September 2006


On Saturday, October 28, Intellivision will sponsor the fourth RETROTOPIA at the Arena Interactive Lounge in Los Angeles. Retrotopia features classic video games and live music in a cool lounge setting. This time, since it's Halloween weekend, we're adding a costume contest. Dress as your favorite video game character, or any other character. If you arrive in costume before 10 PM, you'll get in FREE!

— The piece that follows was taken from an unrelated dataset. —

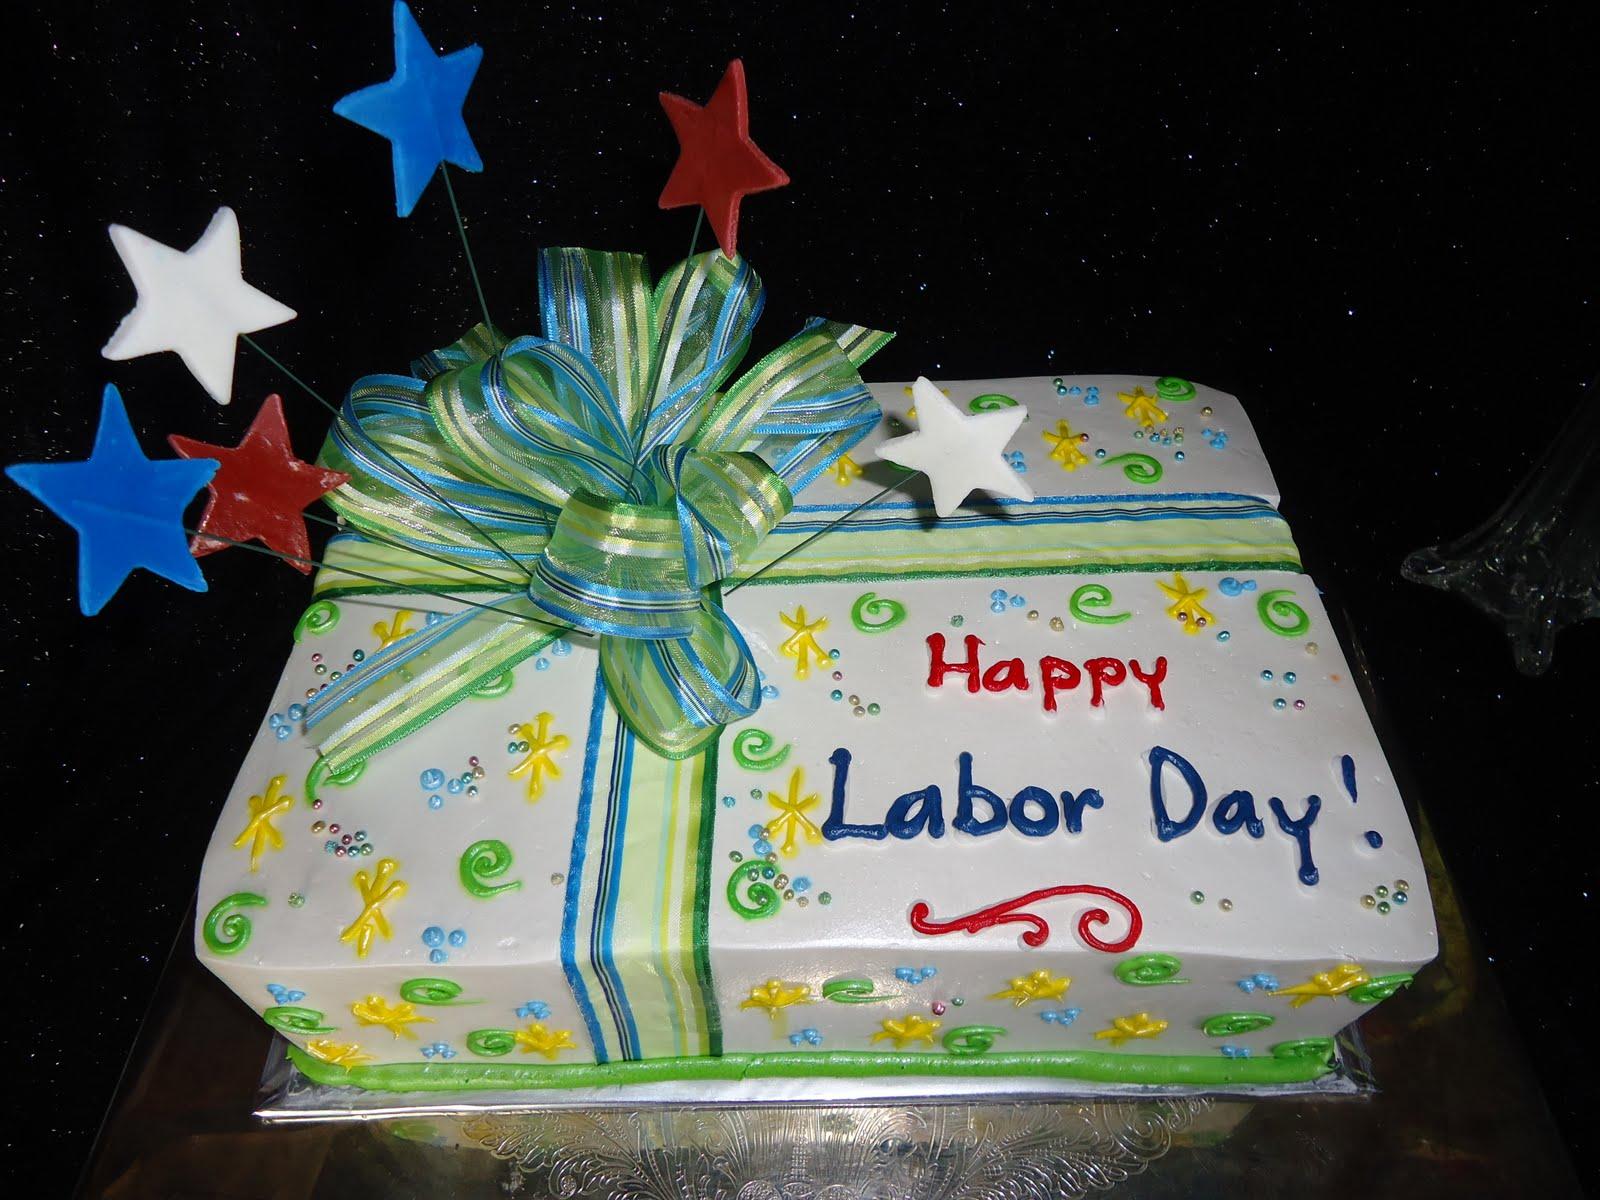 Labor Day Cake Ideas Images 1809 Bamboo Bakery 602 246 806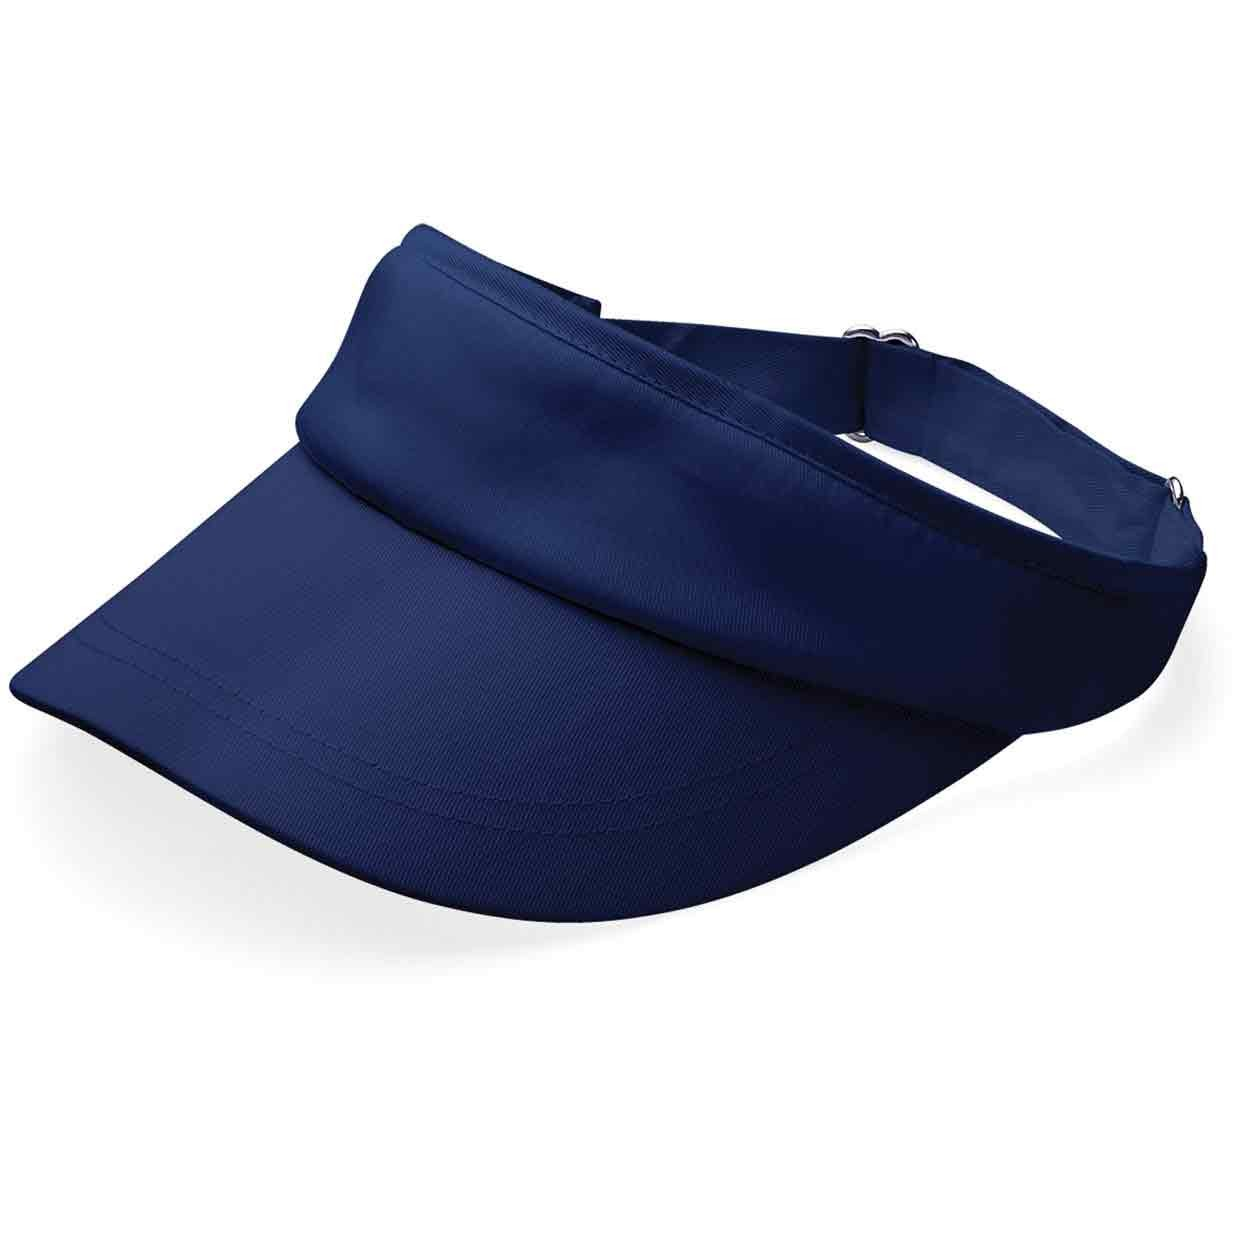 Beechfield BB41 Sun Visor - Baseball Caps - Hats   Caps ... fdc99157085

We'll have classic console games - Intellivision, Atari 2600, Nintendo, Sega - for unlimited play on 50" HDTVs. Classic arcade machines set on free play. And, for a change of pace, some of the hottest new games on Xbox 360.

The special musical guest will be Jonathan "Mario" Mann - creator/composer of The Mario Opera. Mario Opera was the musical act at the first Retrotopia in May and was a huge hit. This time, Jonathan will be performing selections from the opera solo.

Intellivision president, Blue Sky Ranger Keith Robinson, is scheduled to be there. Find him and challenge him to a game on an actual Intellivision console or on the as-yet unreleased Intellivision Lives! for the Nintendo DS! So far, guests have slaughtered Keith on Major League Baseball, BurgerTime, Biplanes, Sea Battle, and others.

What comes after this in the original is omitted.